For many years, companies across the globe have sought to capitalise on the wonderous possibilities of data. Underpinned by technological innovation and rising digital adoption, businesses are actively exploring the boundaries of what their data can do, both for their customers and internal operations.
As mentioned in our previous report, today’s data explosion has created significant fears of missing out (“FOMO”) amongst many senior executives. In response, corporations’ data investments have surged, with global dataspecific technology spending reaching USD 474.7 billion in 2020 and projected to grow to USD 639 billion by 2024. However, we believe that many firms have gotten lost in the hype, neglecting the fundamentals of a data project in exchange for empty promises and wasted investments.
The significant wastage in data-centric projects reflects two key problems: (1) most data is left unused, untapped, or unknown to a business (i.e. “dark data”); and (2) the cost of recovering and making flawed data (i.e. “imperfect data”) ready for use is extremely high. In fact, dark data accounts for 55% of data expenditure wastage, costing companies USD 193 billion in 2020. However, this pales in comparison to the recovery costs of imperfect data.

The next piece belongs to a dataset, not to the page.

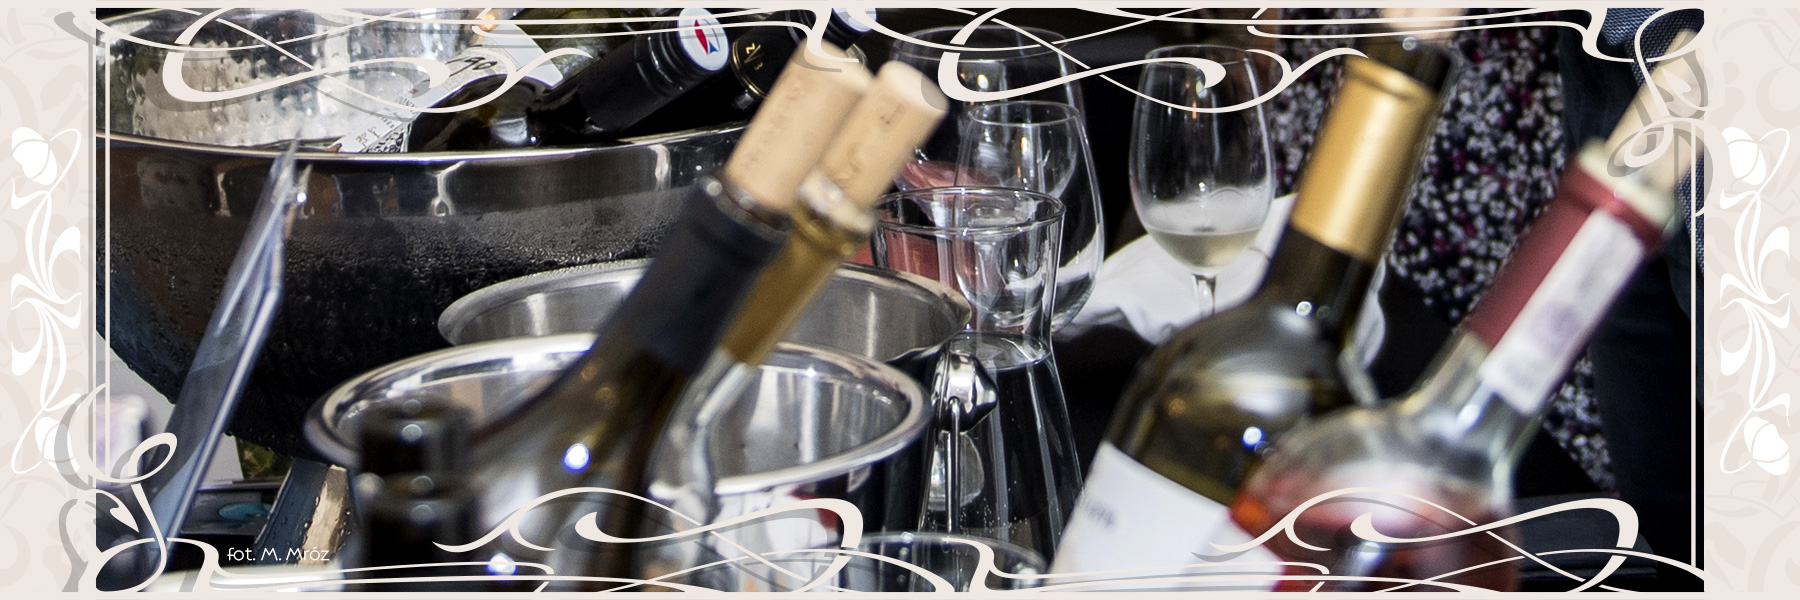 Noc Wina Wieczór toskański “Nie tylko Chianti”  Tematyczna kolacja z degustacją win

The fact is, only 3% of data within organisations are “perfect” and ready for processing. The remaining 97% requires some form of manipulation to make it ready for use, which expends 10x more effort (and cost) as opposed to vanilla maintenance costs. We estimate that the costs of making imperfect data usable amounted to USD 1.5 trillion in 2020 alone.
Wastage stems from multiple areas, including a lack of understanding of a company’s data value chain, mismatched technology and business needs, inadequate integration of siloed data systems, and failed transformation planning. However, the vast majority of this wastage is attributed to one basic theme: the lack of a defined organisational data strategy. At its core, this consists of two complementary components: the (1) Business, Application, Information & Technology (“BAIT”) framework and; (2) a robust change management strategy.

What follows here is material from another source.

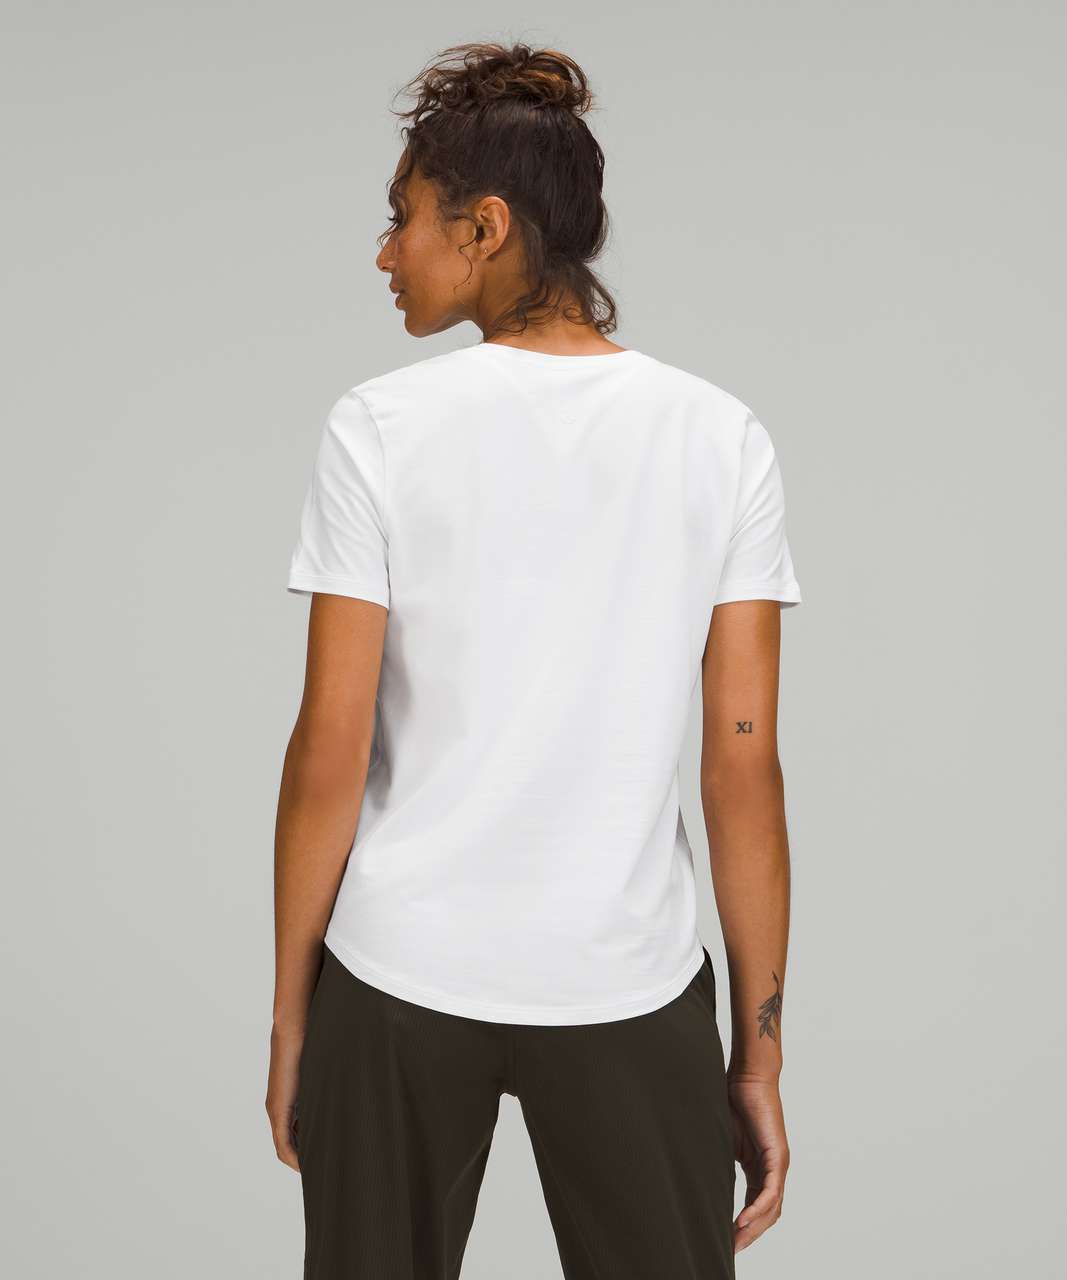 Lululemon Love Tee Short Sleeve V-Neck T-Shirt - White

The BAIT framework outlines steps from project formulation to execution, together with key action items. The change management strategy outlines appropriate policies and incentives to develop a data-centric culture that unifies and maximises data investments throughout the lifecycle of a data strategy project. Both components can be scaled up or down, depending on the type of project: namely, strategic, tactical, or operational. The type of project is determined by considerations such as resources, time, or infrastructure required. These components rightly consume considerable airtime and focus. But there is one centrepiece that holds an entire data strategy project together that is often neglected. And that is a fundamental business strategy.
It is our belief that most data strategy projects fail because data’s place as an integral part of the larger business is often overlooked. So many executives have been caught up in the hype behind data that they shoehorn it into a company’s operations without detailed analysis as to “why” they are doing so; or worse, do so simply to appease shareholders.

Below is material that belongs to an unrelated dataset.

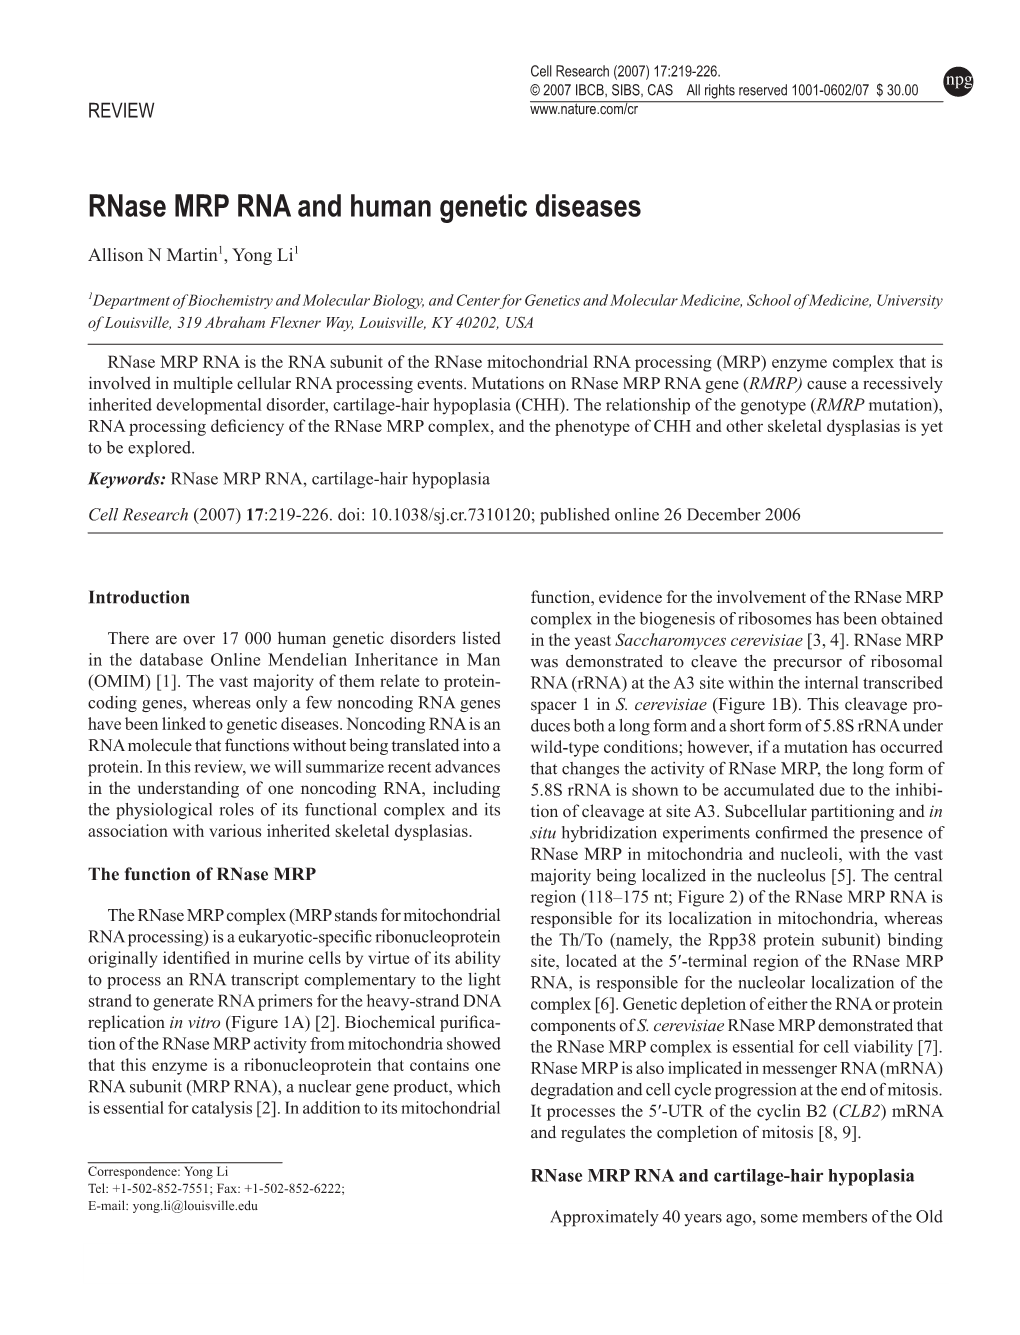 Rnase MRP RNA and Human Genetic Diseases

At the end of the day, technology is guided by the business’s objectives and likewise limited by it as well. A solid foundation in basic data operations must exist before data can be allowed to guide any business. Much like a language’s primary purpose is to convey ideas and facilitate communication, it must first have a solid foundation of rules and structure before being able to evolve and guide the language as a whole over time. After all, data is the real lingua franca of business.